Отчаявшись, Пукко Каккинен осекся, вздохнул, потом сказал уже более решительно:
—Ладно…. ― и пошлепав к дверям, к плащу, достал из кармана бутылку, подержал ее в руках, как бы в нерешительности, но подошел к столу и бухнув ее на стол, сказал:
—Ладно! Иди сюда, разговаривать будем…
Лето в Карелии короткое, спешное, две-три духотных недели источающие запахи багульника, распаренного борщевика и морошки; а осень долгая, наполненная ароматами хвойной прелости и промозглой муторностью, особенно поздняя осень. Тянется и тянется, казалось, эта осень бесконечно, но и она проходит, и на Карелию, снежной шапкой с ветвей, сваливается пухлая, искристая зима. Все проходит, постепенно и жизнь Пукко наладилась, потекла по-прежнему, вошла в прежнее, широкое, размеренное русло.

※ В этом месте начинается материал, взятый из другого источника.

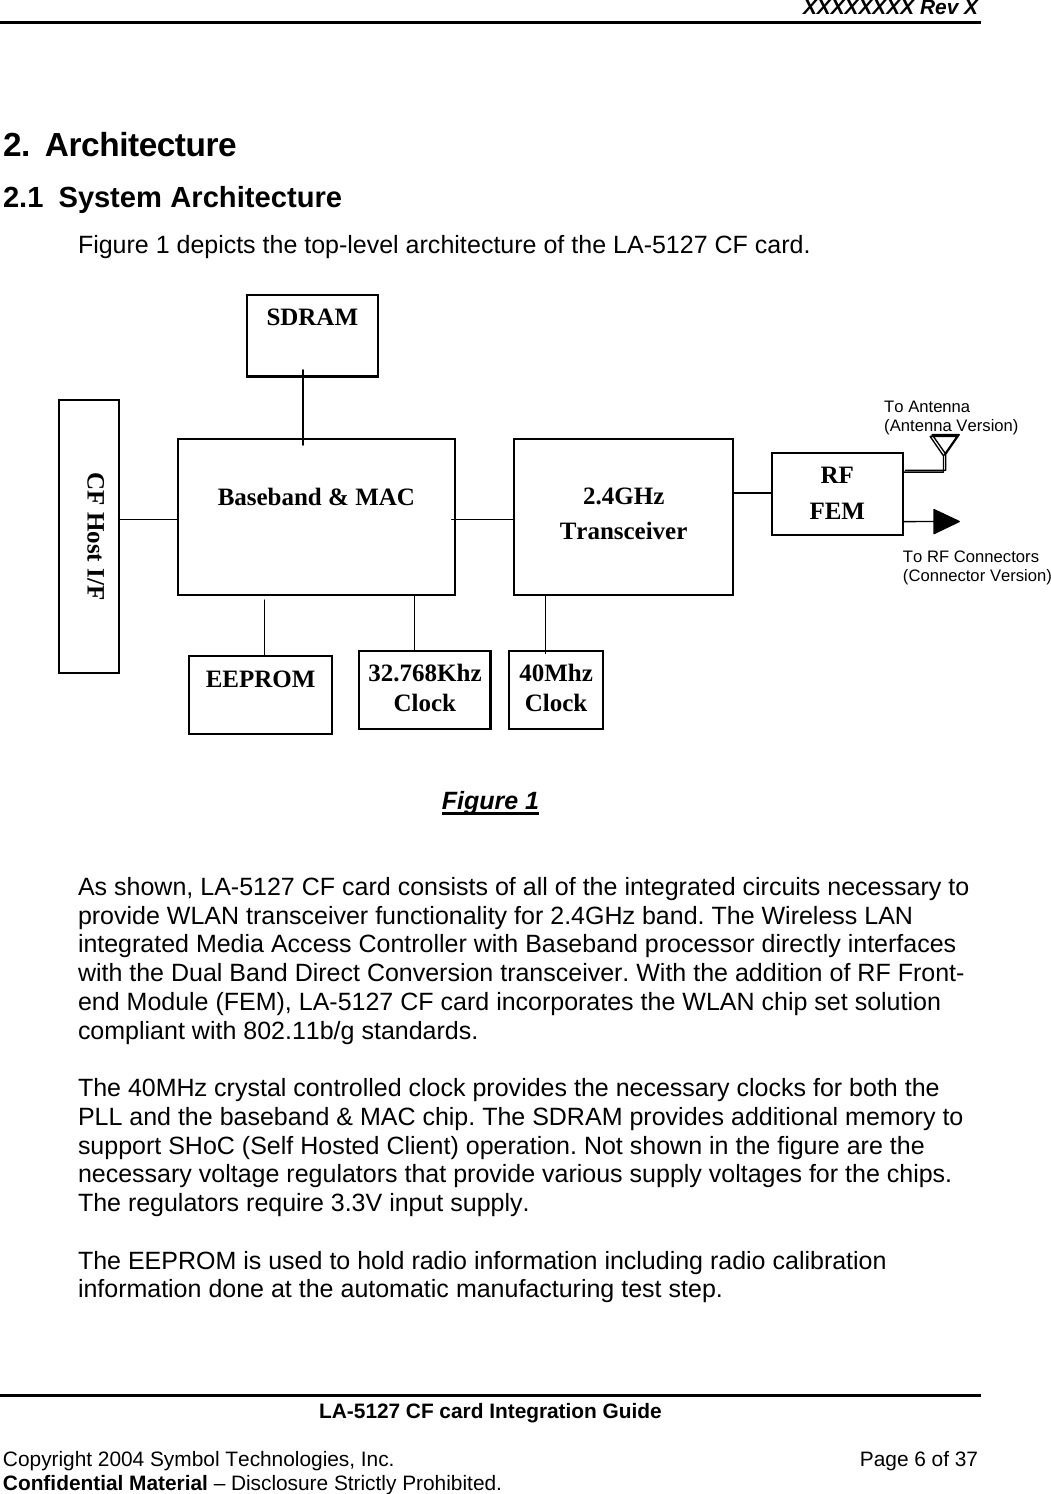 XXXXXXXX Rev X    LA-5127 CF card Integration Guide  Copyright 2004 Symbol Technologies, Inc.    Page 6 of 37 Confidential Material – Disclosure Strictly Prohibited. 2. Architecture  2.1 System Architecture Figure 1 depicts the top-level architecture of the LA-5127 CF card.                            Figure 1   As shown, LA-5127 CF card consists of all of the integrated circuits necessary to provide WLAN transceiver functionality for 2.4GHz band. The Wireless LAN integrated Media Access Controller with Baseband processor directly interfaces with the Dual Band Direct Conversion transceiver. With the addition of RF Front-end Module (FEM), LA-5127 CF card incorporates the WLAN chip set solution compliant with 802.11b/g standards.  The 40MHz crystal controlled clock provides the necessary clocks for both the PLL and the baseband &amp; MAC chip. The SDRAM provides additional memory to support SHoC (Self Hosted Client) operation. Not shown in the figure are the necessary voltage regulators that provide various supply voltages for the chips. The regulators require 3.3V input supply.  The EEPROM is used to hold radio information including radio calibration information done at the automatic manufacturing test step.      2.4GHz Transceiver  CF Host I/F RF FEM  Baseband &amp; MAC 40Mhz Clock EEPROM SDRAM  32.768Khz Clock To Antenna (Antenna Version) To RF Connectors (Connector Version)

Как-то, еще в конце лета, Пукко, гуляя по окрестностям Ваалла-Какки, наткнулся на ватагу мужичков бодро и варварски растаскивающих брошенную погранцами заставу. Ему удалось тогда отстоять пограничные столбы, полосатые, еще с советской символикой, удалось отстоять и склад-сарай где хранился некоторый запас таких же столбов, удалось объяснить мужичкам, что это уж совсем общая собственность, равно принадлежащая и Финляндии и России, поскольку ставятся эти столбы на нейтральной территории, а потому, значит, принцип: "Все вокруг советское - все вокруг мое!" в отношении этих столбов "не катит"! Не известно, что тогда повлияло более на мнение мужичков, толи горячая, искренняя убежденность Пукко, толи, ухоженный, тщательно смазанный "Шмайсер" и кожаный подсумок с пятью дополнительными обоймами, только столбы пока никто не трогал. Так, или иначе, но хозяйственный Пукко наладил взаимовыгодный товарообмен с мужичками, регулярно обменивая свой "Скотч" на вполне реальную, заводскую водку, причем один к одному, и все были довольны.

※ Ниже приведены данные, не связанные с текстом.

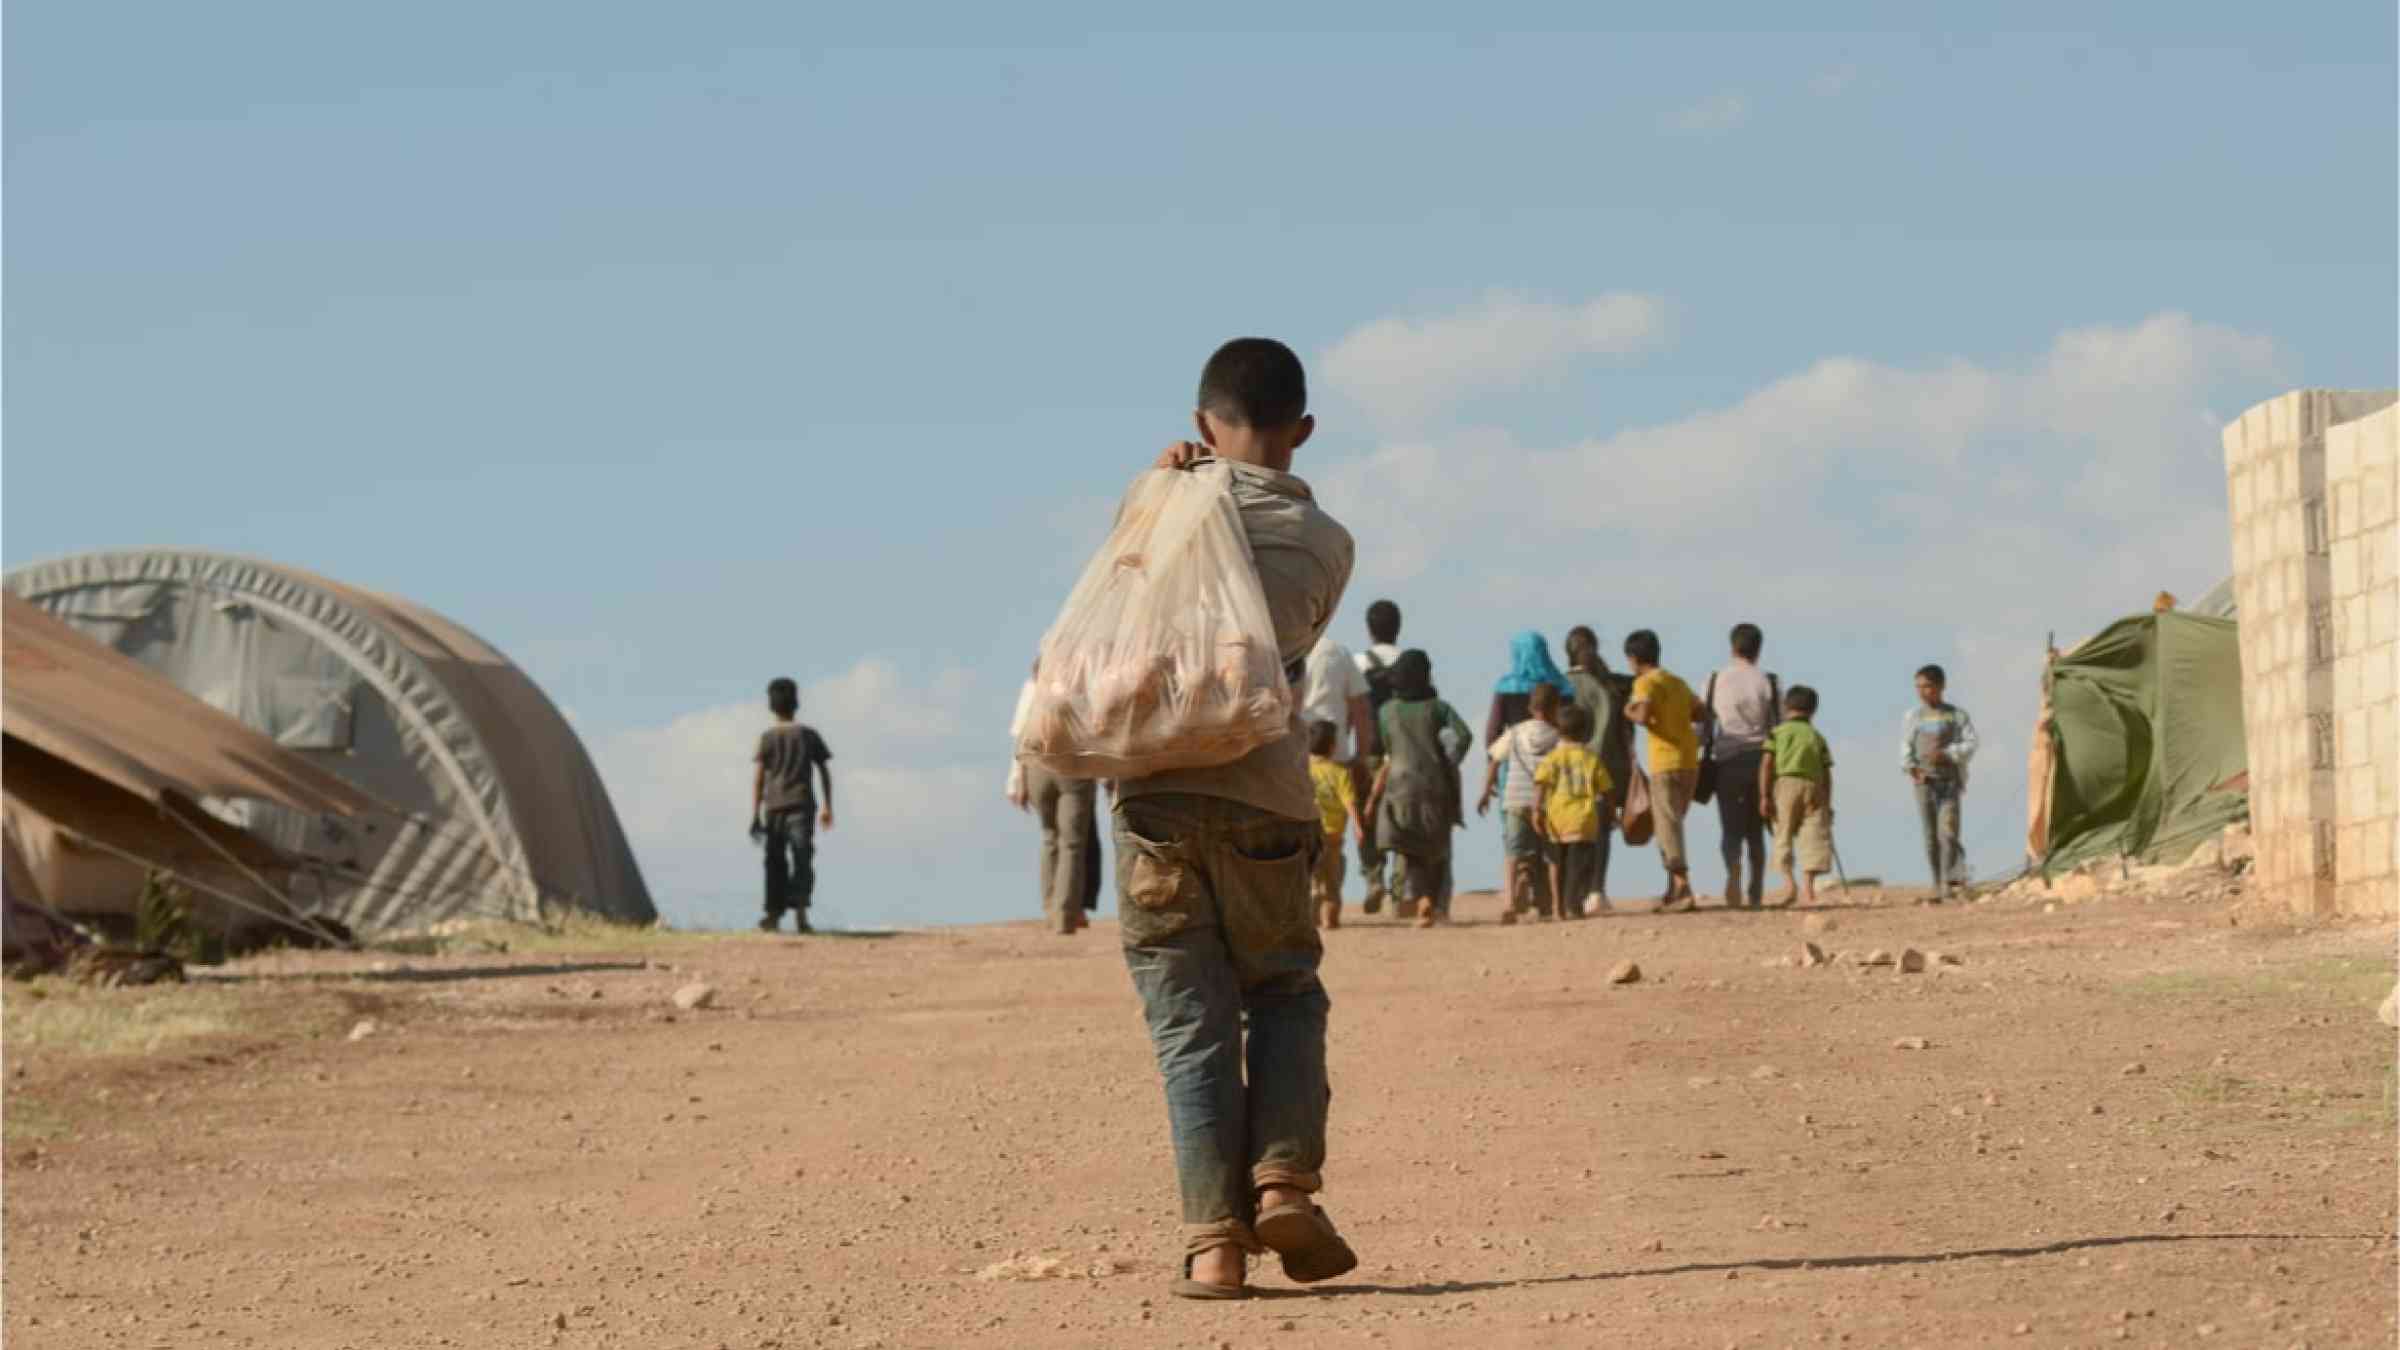 A young boy walking across a refugee camp in Syria.

Вобщем, понемногу, жизнь Пукко совсем наладилась, но Николая, похоже, это нисколько не утешало. Однажды, вновь, встретив Пукко на узкой тропинке с авоськой и граблями, он так ему и сказал:
—Кончай Пукко! Допьешься ты до чертей!
—Ты что, не говори так, ― вдруг испугался чего-то Пукко.
—А что? ― с наигранной недоуменностью спросил Николай.
—Плохие шутки, ― махнул рукой Пукко. ― У одного моего знакомого так было. Черт начал являться после третьей рюмки и выпить просил.
—Ну и что, ― якобы недоумевал Николай.
—Плохие шутки. Этот знакомый потом с ума сошел.
—От черта?
—От черта! — выпалил Пукко, испуганно озираясь и крестясь во все стороны.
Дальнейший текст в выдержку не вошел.